View more on Julianne Kost’s blog.

Learn more in my digital photography and digital printing workshops.

4 Ways To Crop Your Images – Crop, Distort, Retouch

Deciding what’s in the frame and what’s out is a critical decision that can make or break an image. You can look at it very simply. What is an image of? What is an image not of? And how does what’s left over support or distract from the essence of an image?

In the past we had two simple options; one, use the frame to crop; two, crop when printing or post-processing. Now we have two more options to think about; three, distort; four, retouch. Each of these offers different possibilities and becoming familiar with them all will help you choose.

It’s a new mindset. Once you learn to see in these new ways, you’ll find you’ll make images that you previously passed by, leaving them unmade or even unnoticed. As a result, you’ll make many more successful images.

Classic crops eliminate the most information

Crop

You’ve got choices. Choose wisely.

One – Crop Before Exposure

Use the frame to eliminate distracting information around a subject(s). Take extra care with image information that touches the frame, as it will draw extra attention. If part of an object is eliminated by the frame make sure what’s left looks deliberate - just a sliver lopped off or a sliver left over seems careless. Once you’ve made your exposure, you’re committed. You can crop more but you can’t uncrop. When in doubt, shoot both tight and loose.

Two – Crop After Exposure

Shoot loose (more than you need) and you’ll preserve your ability to refine a composition during post-processing, testing, and comparing many variations, even over extended periods of time, before settling on a final solution. Doing this will take more time but you will gain precision.

Distorted to fill the frame

Distort

Distorting photographs is widely practiced. But most photographers tend to think of their limited use of distortion as having produced no distortion. In fact, every lens distorts in its own way, some more than others, like wide-angle lenses. Lens profiles are designed to correct for lens distortion during post-processing by ‘undistorting’.

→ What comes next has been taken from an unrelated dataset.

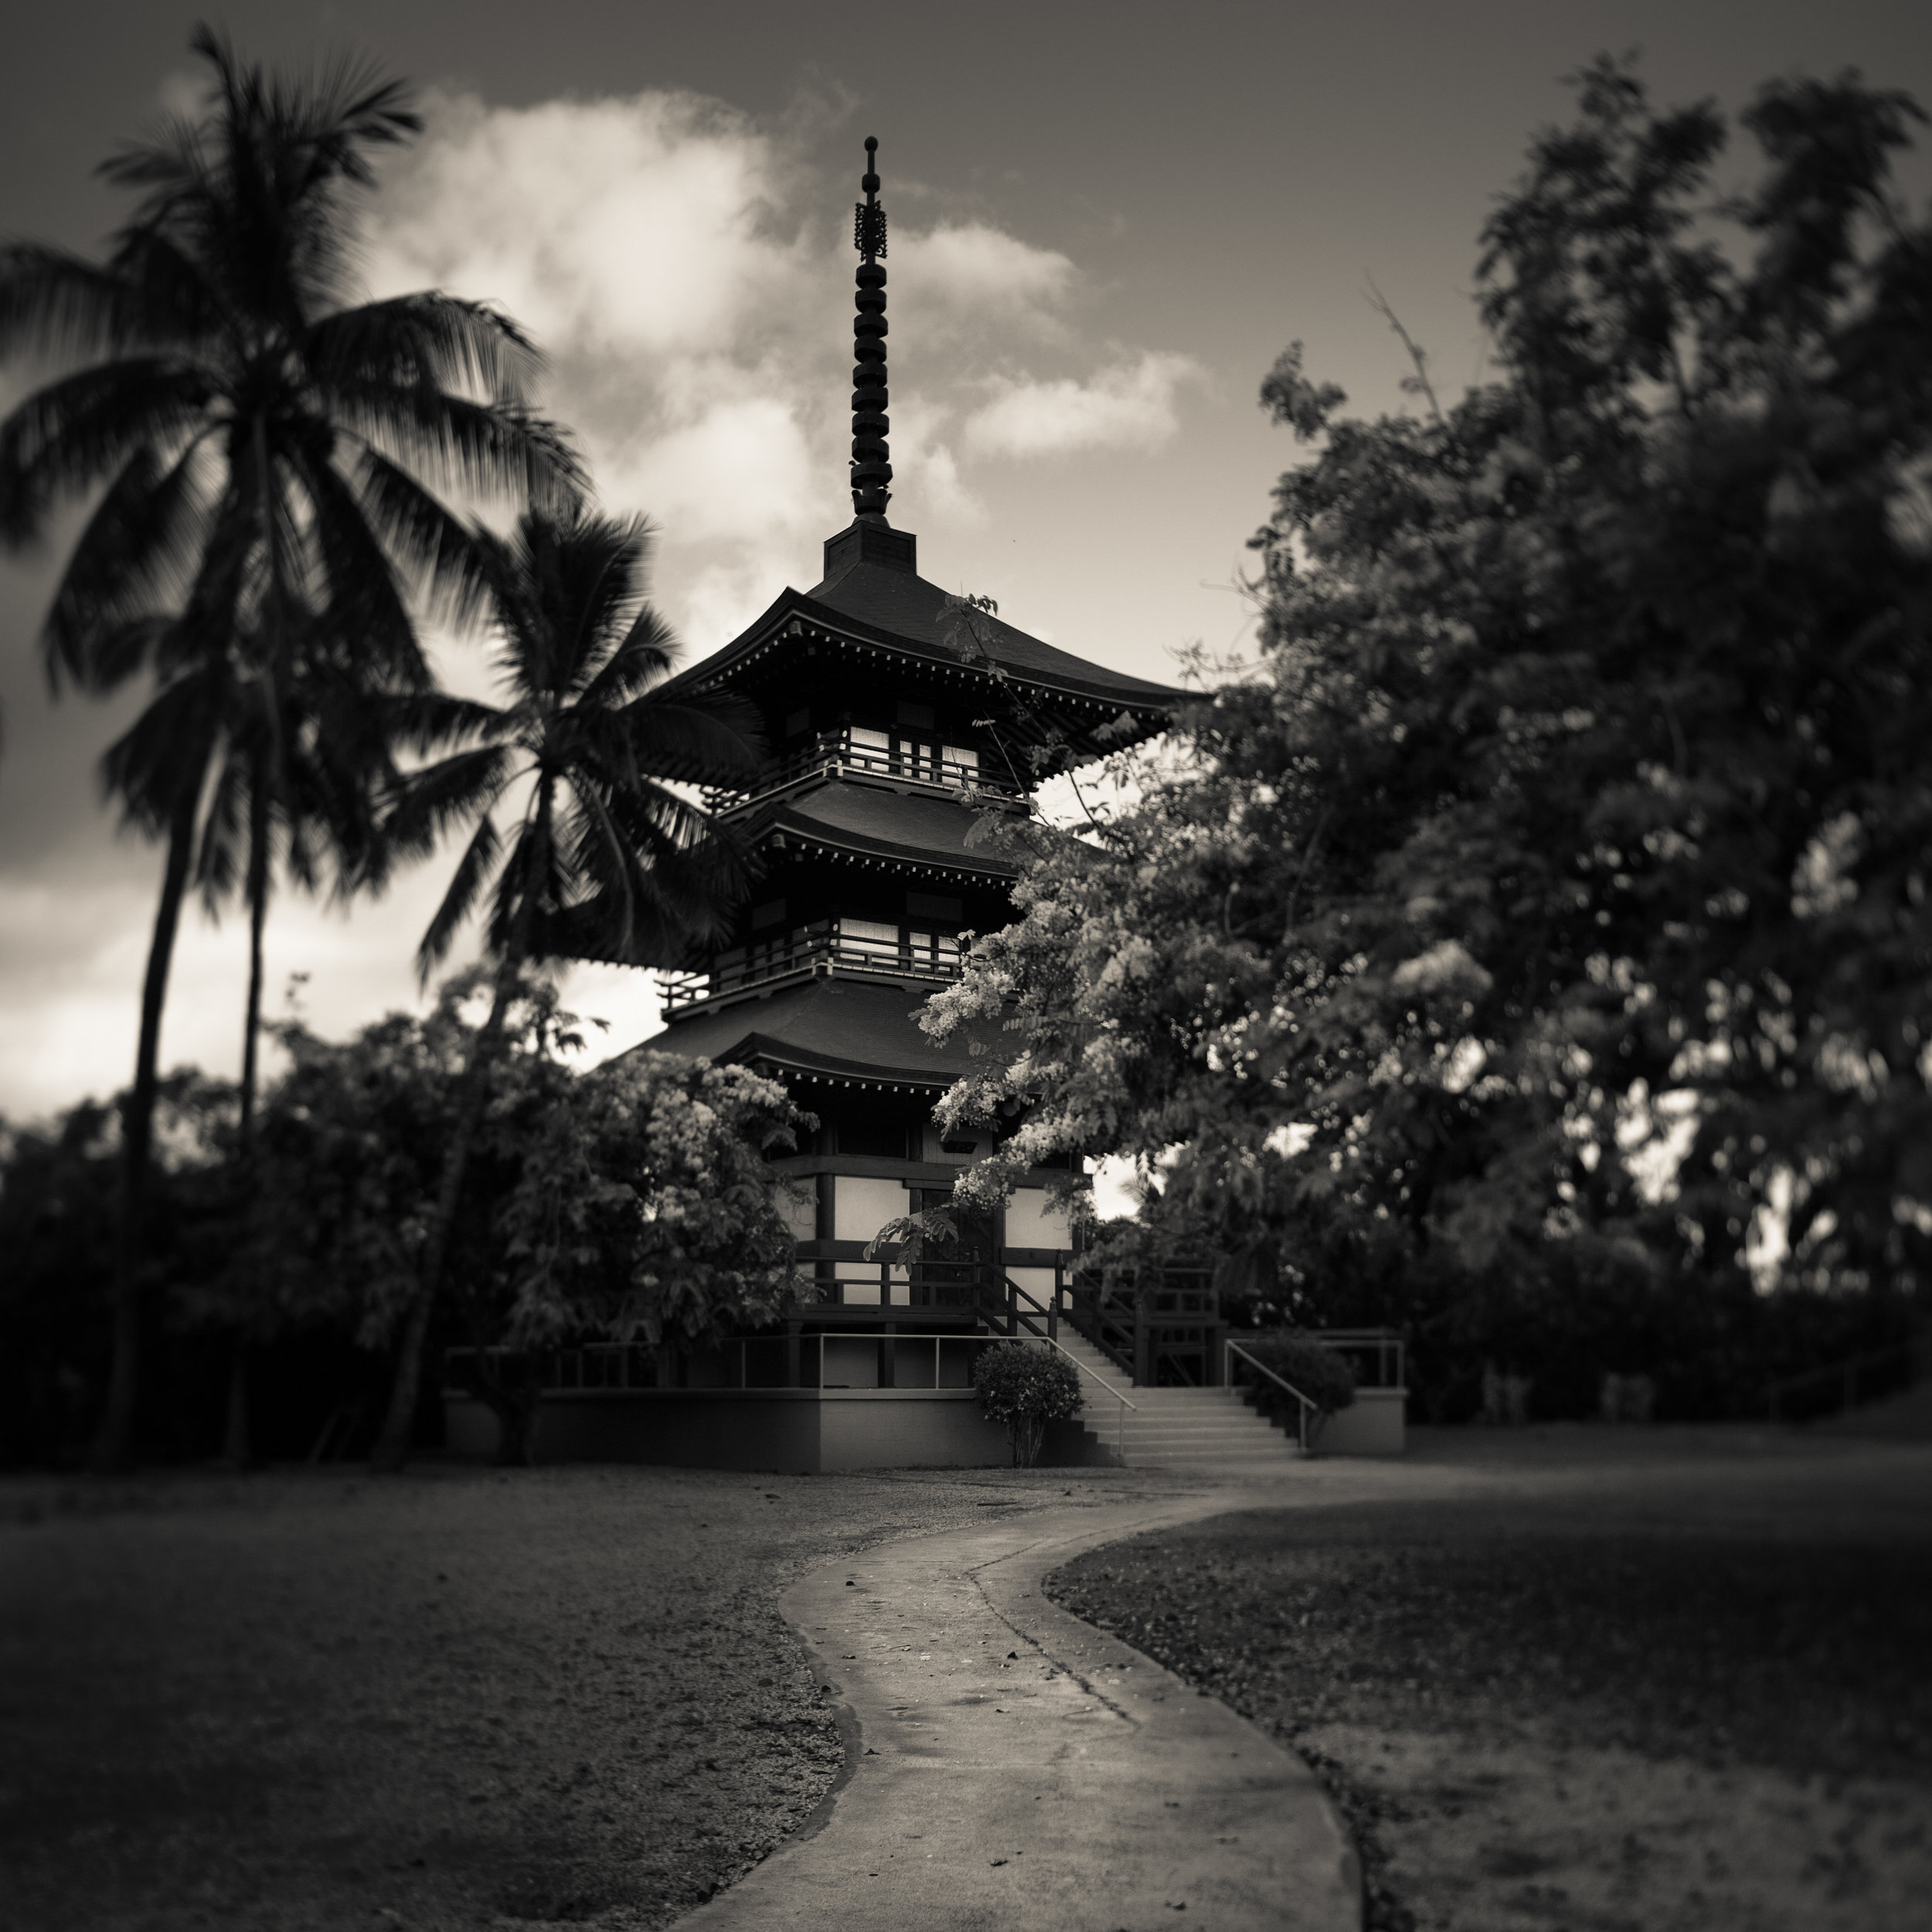 Maui Lahaina Jodo temple black white buddhist pagoda japanese

Many people think they aren’t distorting their photographs when in fact they are doing it on most of their images in multiple ways, first by using a lens, second by using a lens profile, and sometimes third by creating panoramas. Why are these practices more acceptable than using distortion and retouching as a part of your cropping practices? In the end, it’s your choice.

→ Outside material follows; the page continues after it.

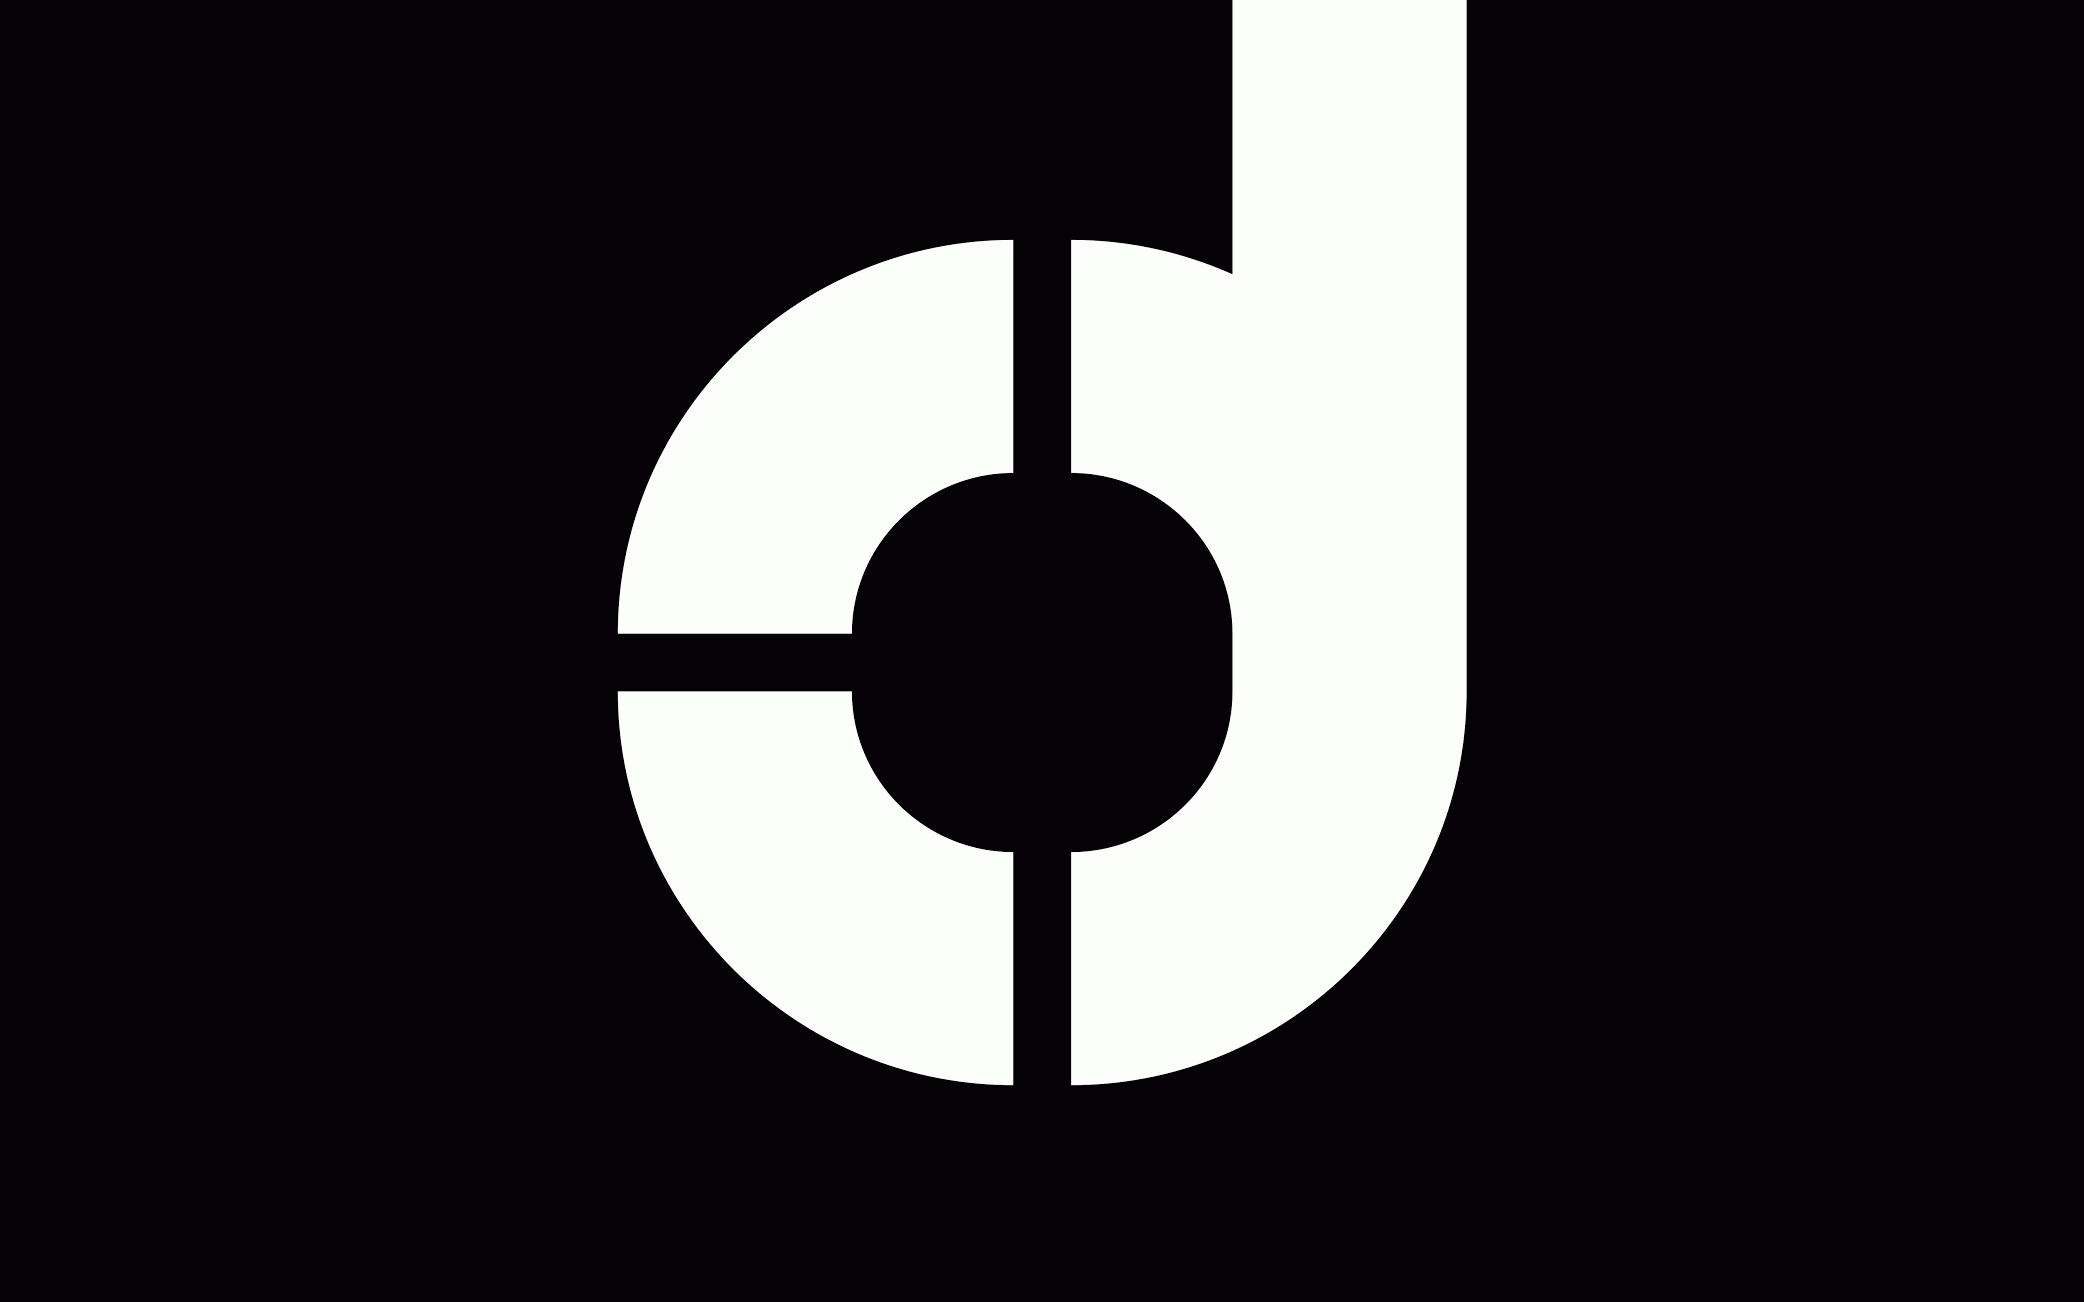 design museum rebranding by BOND

You can push one or more sides of an image outside its frame and achieve similar results to cropping. What’s different here is that the proportions of the objects and spaces left within the frame will change, typically getting taller or wider, usually only a little but potentially a lot.

You’ve got options. Test them before you settle on your final solution.

One - Transform

Use Photoshop’s Edit > Transform to distort an image uniformly. To move an entire side, hold the Shift key to move one side without moving the others.  And/or, to move one corner independently, press the Command key before moving a corner point.

(To do this an image’s Background Layer needs to be a Smart Object or a duplicate layer.)

Two - Content-Aware Scale

Use Photoshop’s Edit > Content-Aware Scale to distort an image non-uniformly – smooth areas will expand or contract more than textured areas. Pull the areas you wish to crop outside the frame. Hold the Shift key while you’re doing this if you wish to change one side more than another and the image’s aspect ratio with it.

(Do this on a duplicate layer. Content-Aware Scale doesn’t work on a Smart Object.)

Three - Warp

Want more localized control? Try Warp. (Edit>Transform>Warp) Warp gives you a grid to adjust more points with. It adds the ability to modify the position of elements not just with the edges but also the insides of the frame. Do this on a duplicate layer or duplicate Smart Object. Warp works on Smart Objects but since it is not a filter so you can’t get the future flexibility of a Smart Filter.

Four - Liquify

You can use the Liquify filter to distort small portions of an image. For instance, moving something in the middle of the edge of a frame off frame without moving the corners. To do this,  go to Filter>Liquify, start with the first tool Forward Warp and use the brush to get the effect you desire. It’s worth exploring the other brushes too as Liquify is a powerful distortion tool.

Distorted to fill the frame

Distorted version with aspect ratio changed afterward

Preserve Or Adjust Aspect Ratio

Both cropping and distortion may or may not change an image’s aspect ratio (the proportions of the frame). Cropping can be set to preserve a set aspect ratio but this puts limits on what’s possible as at least two edges, if not all, are adjusted together. if you adjust one edge separately from the others you’ll change the aspect ratio, for better or worse. But if a specific aspect ratio is important to you (either because the original creates consistency between images or because a new ratio is more expressive), after cropping you can distort the entire frame to the aspect ratio of your choice.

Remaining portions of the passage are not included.